The Docker container has to depend on external LLM provider, graph database, document and index storage. If any of these, such as Ollama, is running on the Docker host then you should change the host name for the service from the default localhost to host.docker.internal.

Cloud deployment

There is a public deployment of this app available through a Hugging Face Spaces at https://huggingface.co/spaces/xtremebytes/TLDRLC. Note that this deployment is experimental and bugs are quite likely. There may be additional problems due to any restrictions on the Hugging Face Spaces infrastructure, which will not manifest in a local deployment.

For a cloud deployment, you have to use Open AI or Cohere. By default, graph, index and documents will be stored in memory with no disk persistence. If you want persistence with the deployment with a cloud deployment, you must use Neo4j Aura DB and a remotely hosted Redis (e.g., Redis on Render). Alternatively, you can use local or on-premises hosted Ollama, Neo4j and Redis by exposing those services with TCP (or, TLS) tunnels publicly through ngrok.

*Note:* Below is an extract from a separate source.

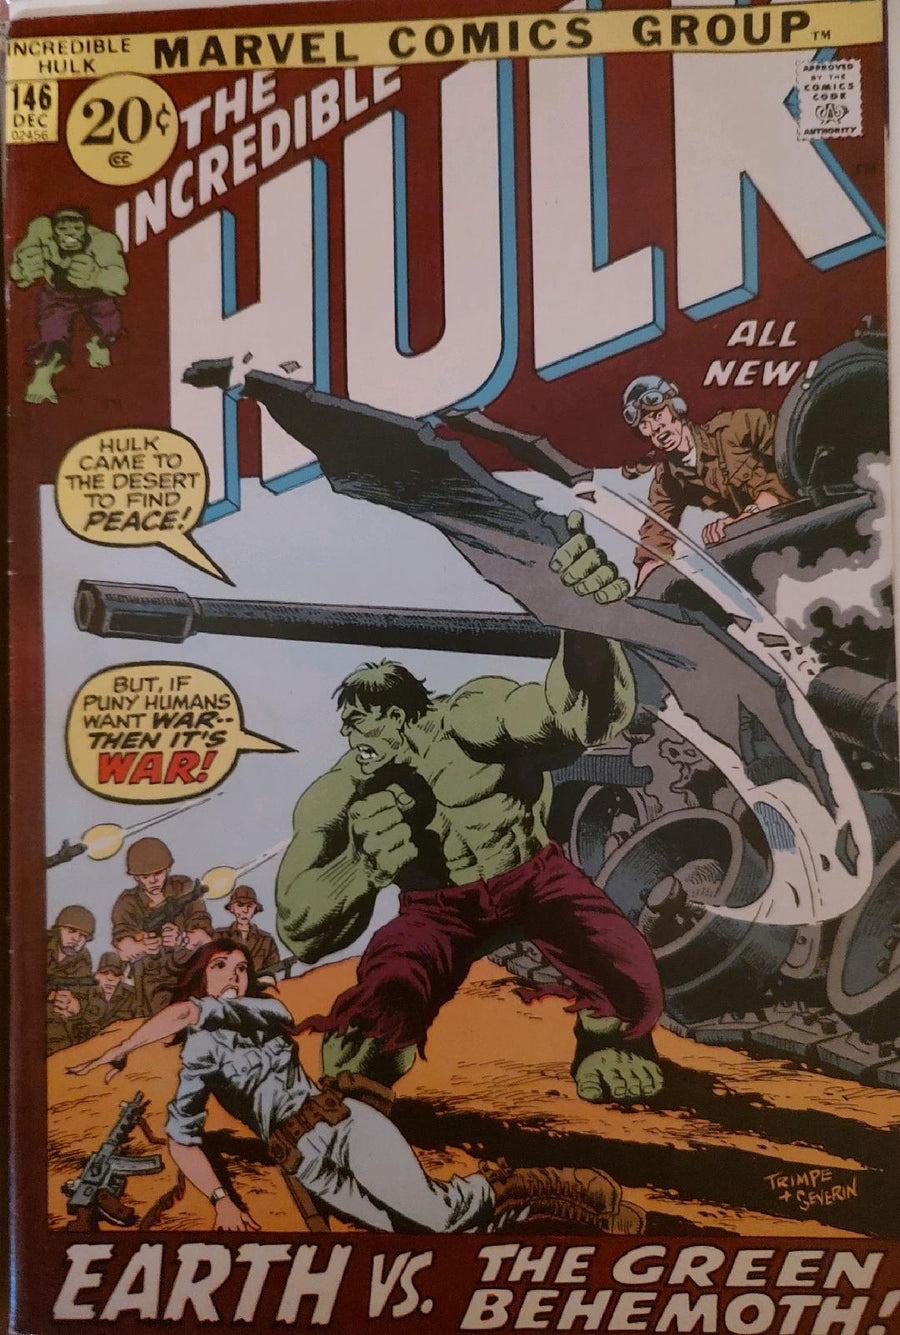 The Incredible Hulk #146 Comic Book Cover

Note that for cloud deployment(s) mentioned above, unless you create your separate cloud deployment by yourself, LangFuse evaluation is enabled by default and cannot be turned off. This is meant for evaluation purposes of this project. Hence, all information about your interactions with the chatbot will be available to the maintainer(s) of this project. For local, Docker or cloud deployments that you create, LangFuse is not enabled by default. Even when enabled, by yourself, LangFuse traces will be available to you, and not the maintainer(s) of this project.

Support

Use the issue tracker to report bugs or request feature enhancements. You can also use the discussions to discuss matters other than bug reports and feature requests.

Contributing

You can contribute fixes or new ideas using pull requests.

License

Apache License, Version 2.0, January 2004. See: http://www.apache.org/licenses/.

Project status

Actively maintained early stage prototype for experimentation only.